Hi! I'm a store manager for a retail company with over 20 stores in several states. I have multiple questions.

Managers are exempt and required to work 45 hours per week. We punch a manual clock with the hourly employees and report our hours and sales commissions every 2 weeks along with the hourly folks. We are paid on the 15th and last day of the month and anything under 90 hours for the 2 week period must be taken as either vacation or personal (sick) time.  If we go 'in the hole' on either or both of personal or vacation time, we continue to be paid our salary and the deficit is allowed to grow. The deductions are put on the payroll sheet down to the hundredth of an hour, but there is some question as to how it's actually applied by the person who does payroll. We have neither an HR or payroll department or person. Hourly is handled by an accounting clerk and salary by the controller overseen rather closely by our mostly retired founder. While I understand that PTO is not a federally or state mandated requirement, I wonder if their methods are quite up to legal standard. Can they nickel and dime those deductions or should they use the standard I've seen online of deducting only in half or full day increments?

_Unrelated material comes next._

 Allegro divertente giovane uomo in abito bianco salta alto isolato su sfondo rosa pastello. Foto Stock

As a separate issue, I've just seen your concept of a "working manager" and am intrigued. One of our main duties is selling and we are expected to be the "sales leader" in our stores. I've not heard of any actual disciplinary action against those who are not sales leaders, but it is mentioned in informal reviews pretty often. We are also required to do whatever it takes to operate the store including unloading trucks, restocking, banking, supply shopping and cleaning. We actually spend very little time doing the administrative tasks of running a store such as payroll, scheduling, coaching etc. We are consistently told that we should spend all our time on the sales floor, and to let hourly people go early during slow times. Along with orders to work more hours ourselves along with cutting hourly sales people's shifts. Does that make me a "working manager" and not subject to the OT exemption?

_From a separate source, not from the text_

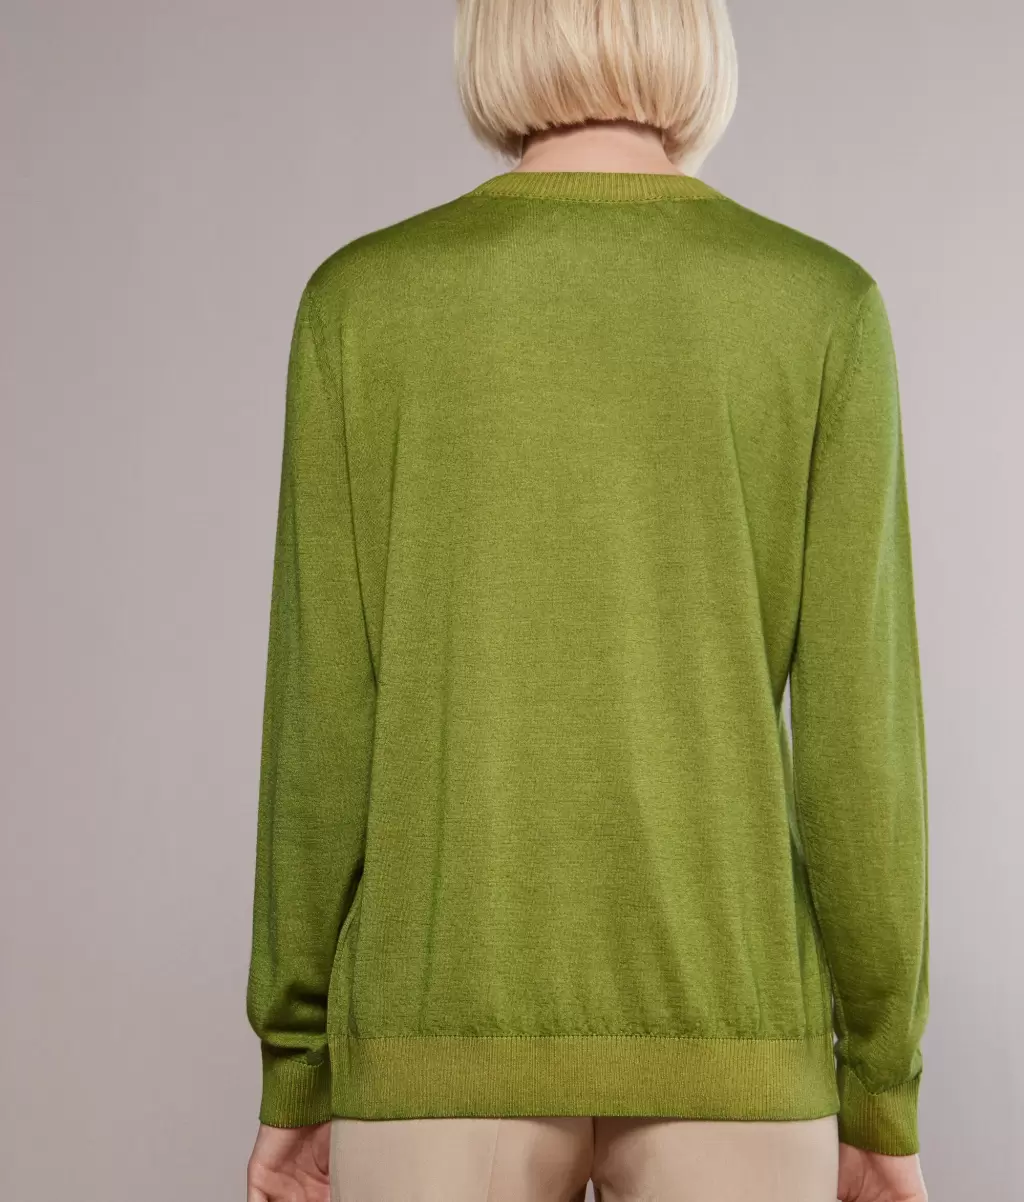 Swetry Z Okrągłym Dekoltem Kobieta Pulower Z Kaszmiru Ultrafine Green Falconeri - 2

In full disclosure I do have the ability to hire and fire, meaningful authority within the store and supervise at least 2+ FTE's during the year. Other managers do not necessarily have all 3 of those however. I'm still not convinced we should be exempt with our duties and standards. What do you think?

Thanks for your time and expertise.

First of all you are being treated as an hourly employee. You are doing hourly employee work. You do not have power to make decisions of importance for the company.
Exempt employees should not be docked time except for 1/2 and 1 full days.

My suggestion would be to contact your Georgia Department of Labor and tell them that you think you might be classified as exempt when you are actually non exempt. Ask them is they can help you classify your position. If they classify you as non exempt they will let the company know that they must pay you as non exempt. This would mean that all hours over 40 would be overtime.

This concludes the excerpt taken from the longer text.